[Source material]

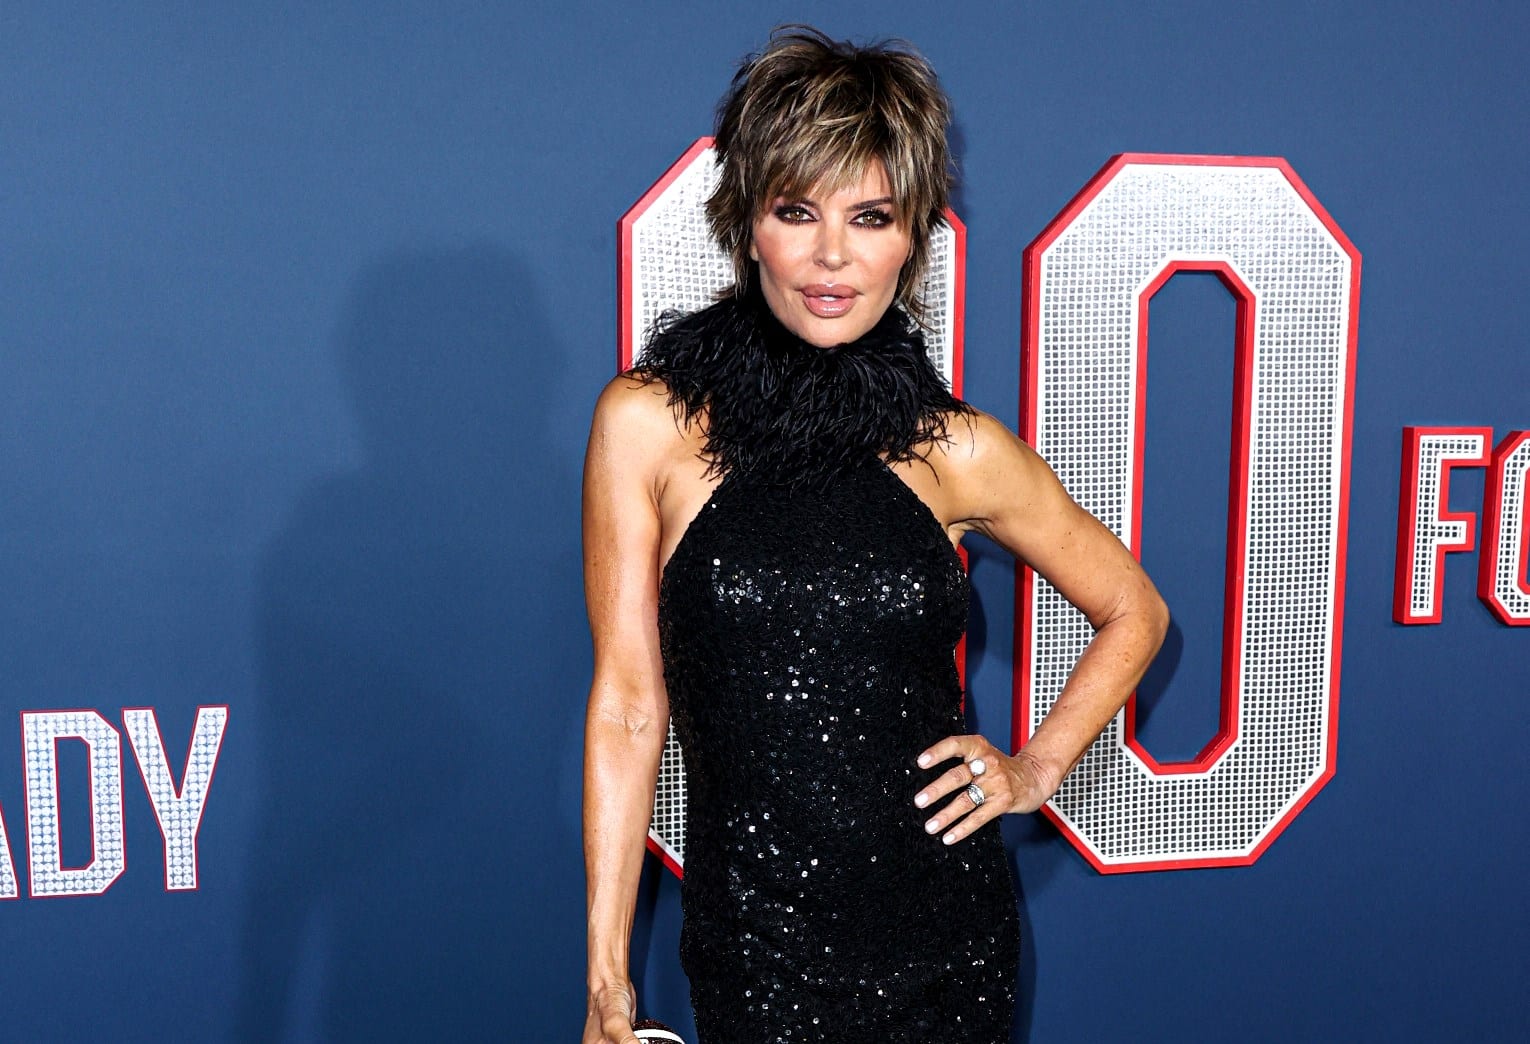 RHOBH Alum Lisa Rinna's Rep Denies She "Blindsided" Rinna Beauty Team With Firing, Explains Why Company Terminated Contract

[/Source material]
[Source material]

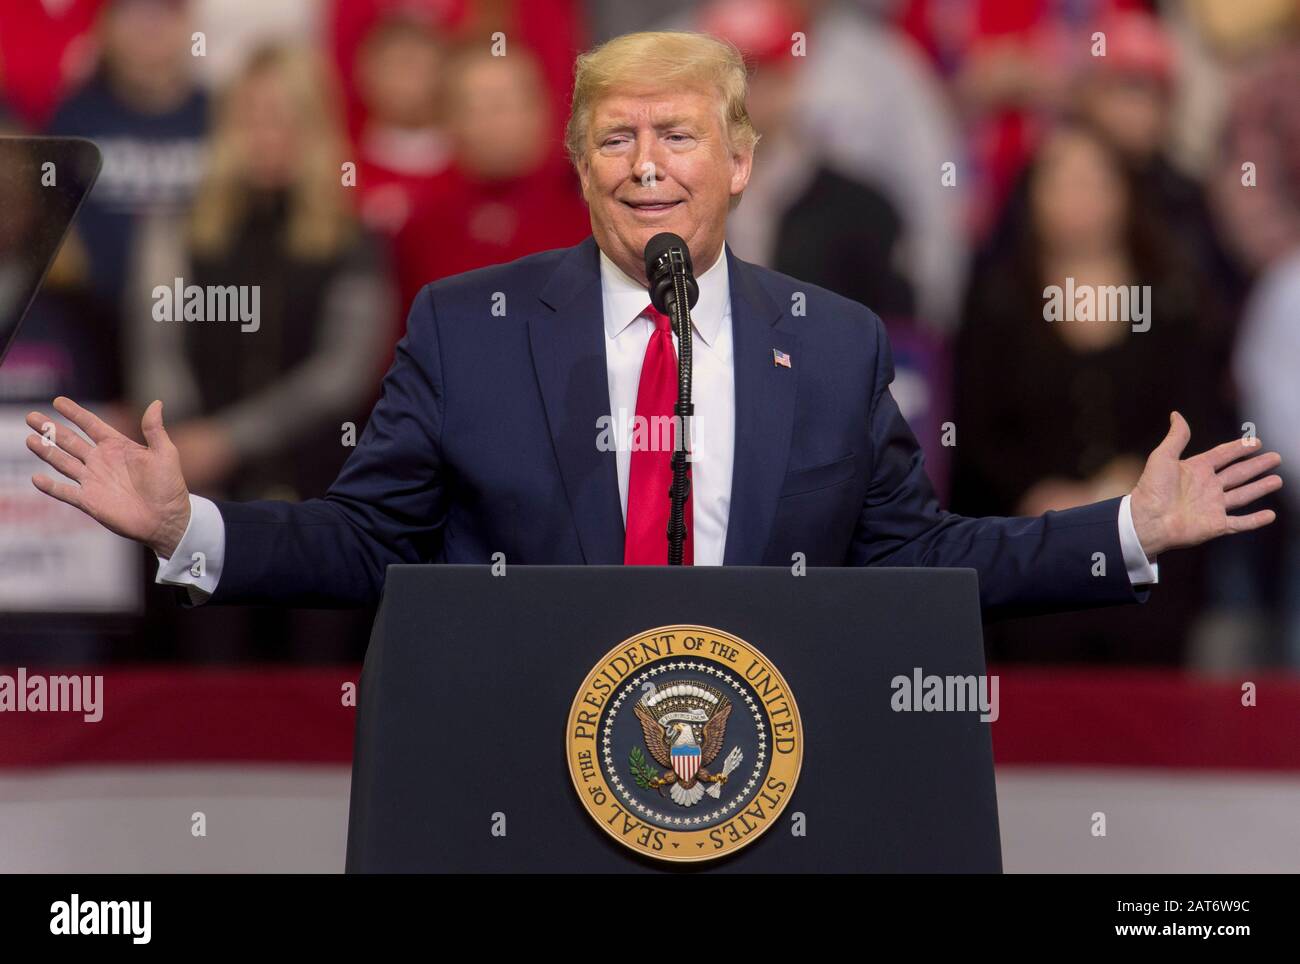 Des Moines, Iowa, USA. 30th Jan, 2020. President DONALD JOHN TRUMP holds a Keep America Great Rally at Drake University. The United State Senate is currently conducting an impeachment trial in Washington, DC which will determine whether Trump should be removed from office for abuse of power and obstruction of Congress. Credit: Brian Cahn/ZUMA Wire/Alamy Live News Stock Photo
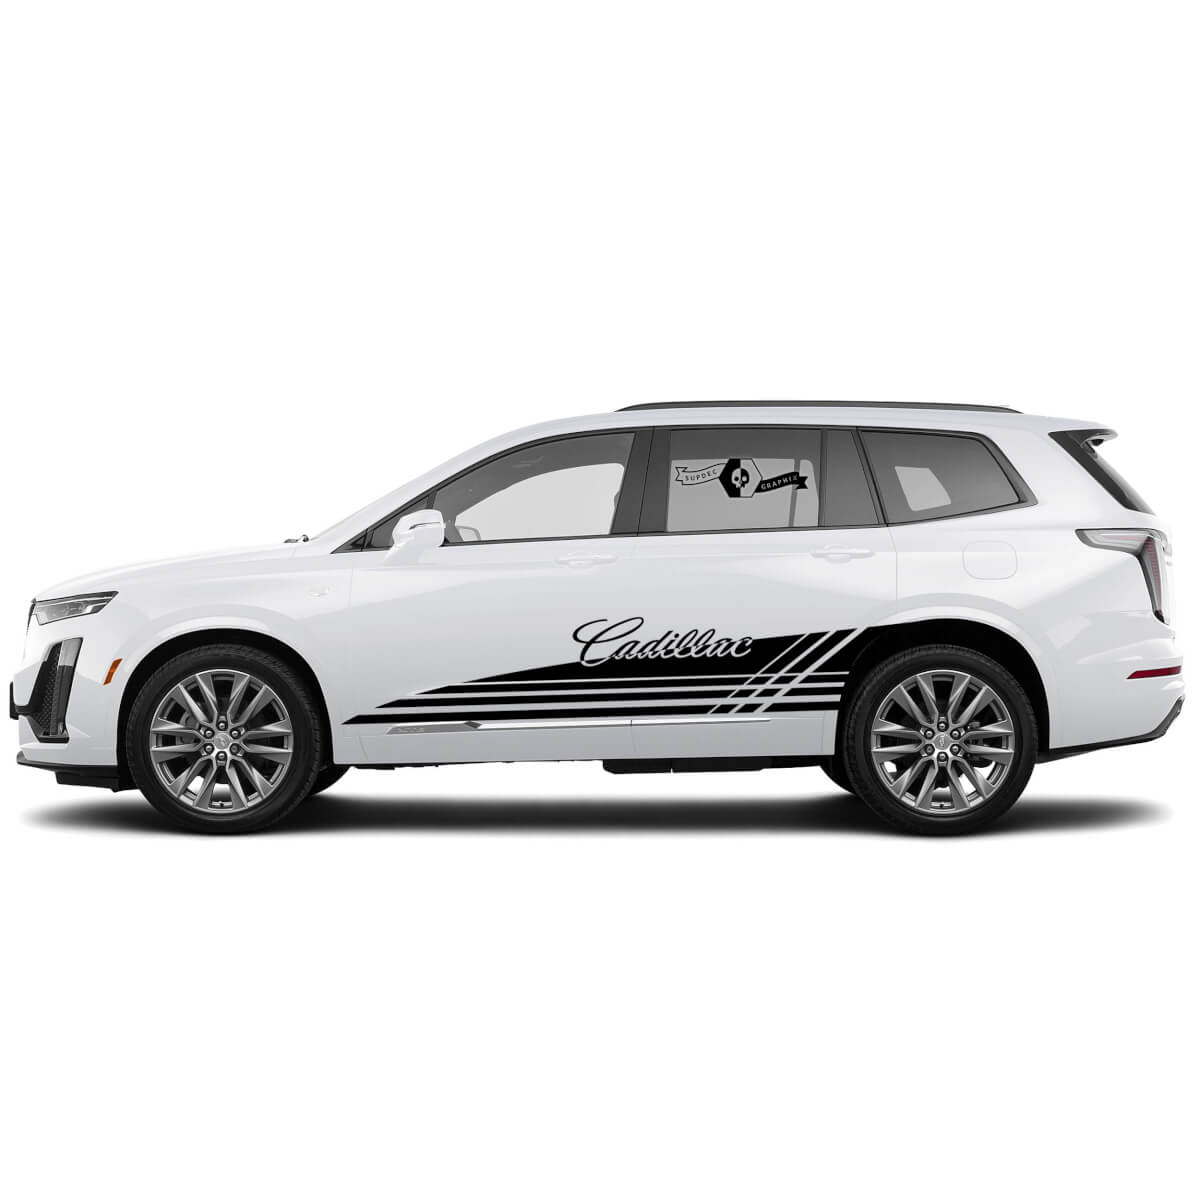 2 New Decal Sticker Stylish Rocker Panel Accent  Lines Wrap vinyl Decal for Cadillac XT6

[/Source material]

● Exercise description
Give again the lines of the listing above that run from the one with "Des Moines, Iowa, USA." up to and including the one with "2 New Decal". Keep them exact and omit the pictures.

● Task output
 Des Moines, Iowa, USA. 30th Jan, 2020. President DONALD JOHN TRUMP holds a Keep America Great Rally at Drake University. The United State Senate is currently conducting an impeachment trial in Washington, DC which will determine whether Trump should be removed from office for abuse of power and obstruction of Congress. Credit: Brian Cahn/ZUMA Wire/Alamy Live News Stock Photo
 2 New Decal Sticker Stylish Rocker Panel Accent  Lines Wrap vinyl Decal for Cadillac XT6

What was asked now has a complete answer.